Moving onto the “Co”, is key to becoming General Counsel(lor) to the business and a great "commercial in-house lawyer". There is no set formula to finding the right balance - and it will vary constantly depending on what the business is doing – however by consistently following the approach set out above, you will reach the right balance, and it can be very satisfying when you do!

Bruce Macmillan - General Counsel at Irwin Mitchell


Balancing legal advice and commercial advice is something that lawyers grapple with on a day-to-day basis. Many come to this late in the day after excelling in their careers as experts, by focusing on key legal risks, issues and opportunities. Lawyers are trained to do this. 

Whilst it is true an in-house lawyer's role is to give legal advice, you will be limiting yourself if this is all you do. You will also have well-informed views on other matters, so why keep them to yourself?

Many lawyers come back to a human centred way of thinking as they progress in their careers. Indeed, this sort of development is expected from all senior people in the business. What has worked well in early stages of a career doesn’t always get lawyers to the next stage. Lawyers still need to attend to the detail of legal risks and issues, but to get to the next stage, they often need to wear many hats and to think about the 'bigger picture'. 

The role of an in-house lawyer is increasingly about managing legal risk and advising how the law impacts the business, as well as the 'black letter' law. To give high impact legal advice in-house, you will need a high degree of understanding of how the business operates in practice and to match this with your legal expertise. 

I find a rhetorical question of 'so why should I care?' or 'so what?' helps. This can help you to keep in proportion the legal risks that you are advising on. Whilst a legal risk may have a high impact if it occurs, how likely that risk will actually occur? If the risk is not likely to occur or certain things need to happen for that risk to occur which can be managed, this is a key part of the picture and needs to be included to ensure that your advice has the highest impact. 

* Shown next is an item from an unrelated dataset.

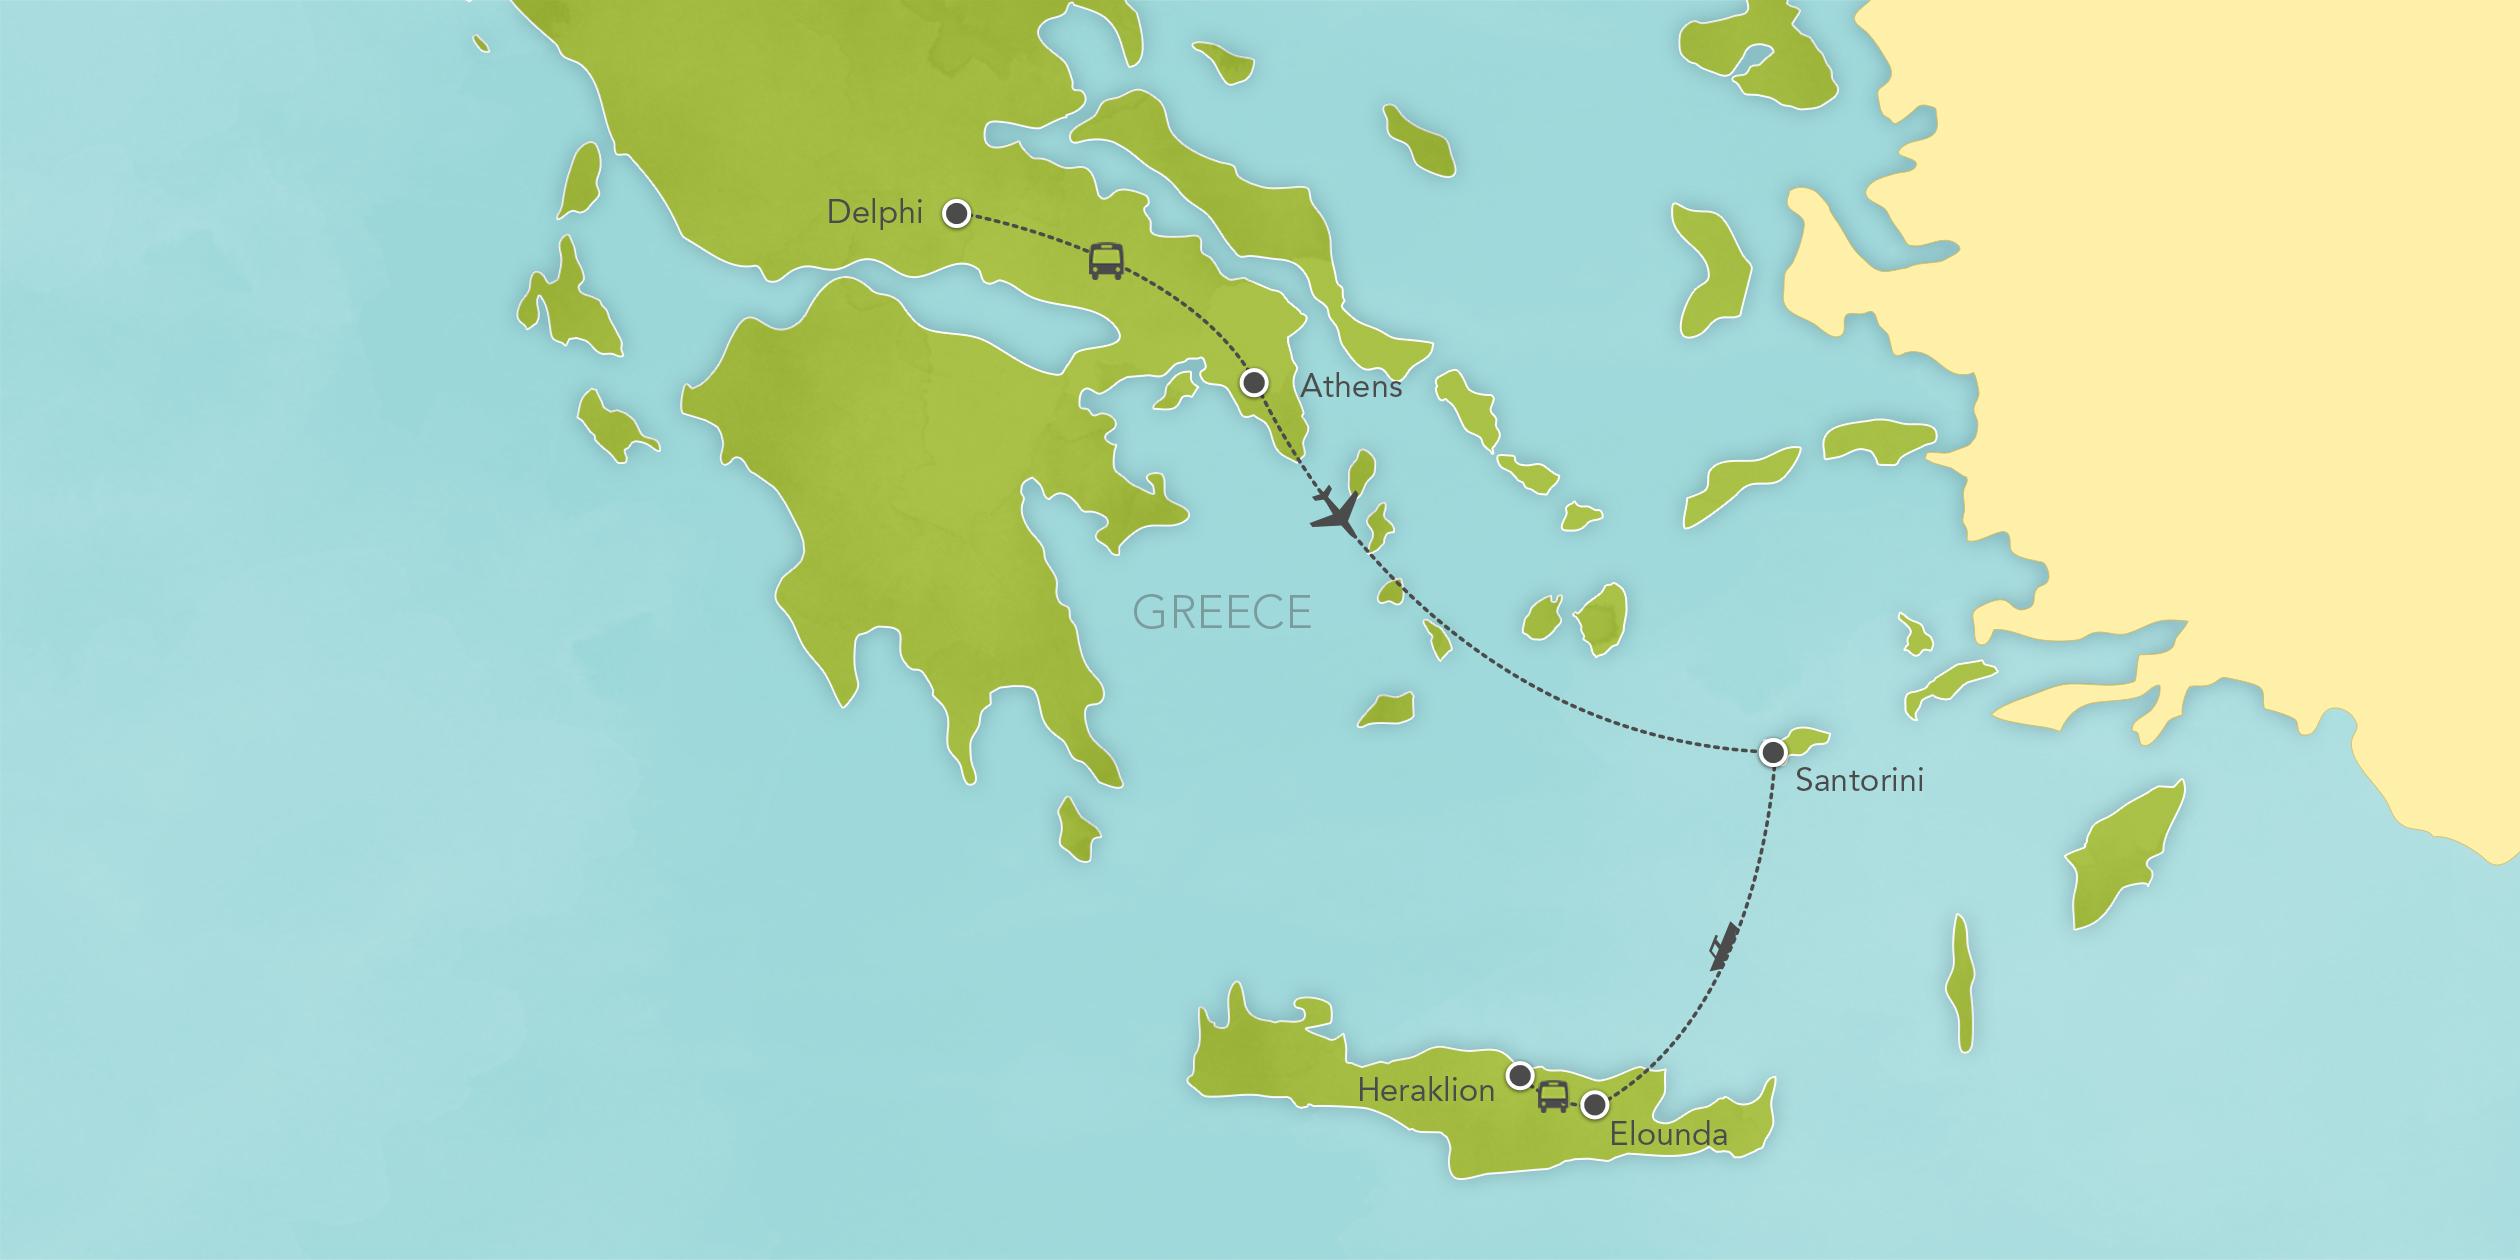 Itinerary map of Greece: Athens, Delphi, Santorini, Crete 2019

If you have had the benefit of attending board meetings, you are likely to see other attendees expressing views on matters outside of their department. In my experience, board members value and expect this from their legal counsel too. This can be a key way of ensuring that legal advice is listened to as its value is clearly understood in relation to the wider organisational picture.  

Solicitors are professionally regulated and have a duty to the court as well as to their employer, so there are always going to be matters that you will need to handle differently to your colleagues in other areas. However, where matters outside of legal risks and issues arise, it can be helpful to think about how you can help to progress those discussions to give more rounded advice. 

You’ll have developed numerous transferable skills as an in-house lawyer. You will be used to thinking about opposing sides of an argument and listening effectively to another person's point of view. Lawyers are trained to identify salient points, consider weaknesses in their position and how the other side may respond, to bring matters to a conclusion.

Commercial considerations will often affect the legal advice as explained above but even where it does not, one way that I have seen work well in the past is sign posting when you are giving legal advice and when you are not. If you do this, it can help you to draw on your valued judgment to give more rounded advice as a trusted advisor. In-house counsel are often well placed to give rounded advice that does not exclude commercial considerations for high impact.  

Jonathan Friend - Senior Lawyer, Information Rights, BBC


While I think you should always look at being commercial (and not unduly legally pedantic), the important principle is to do the right thing.  You have a duty to your regulator and there are likely to be some forthcoming issues in the legal profession where lawyers may not have always acted as they should.  So be practical but principled.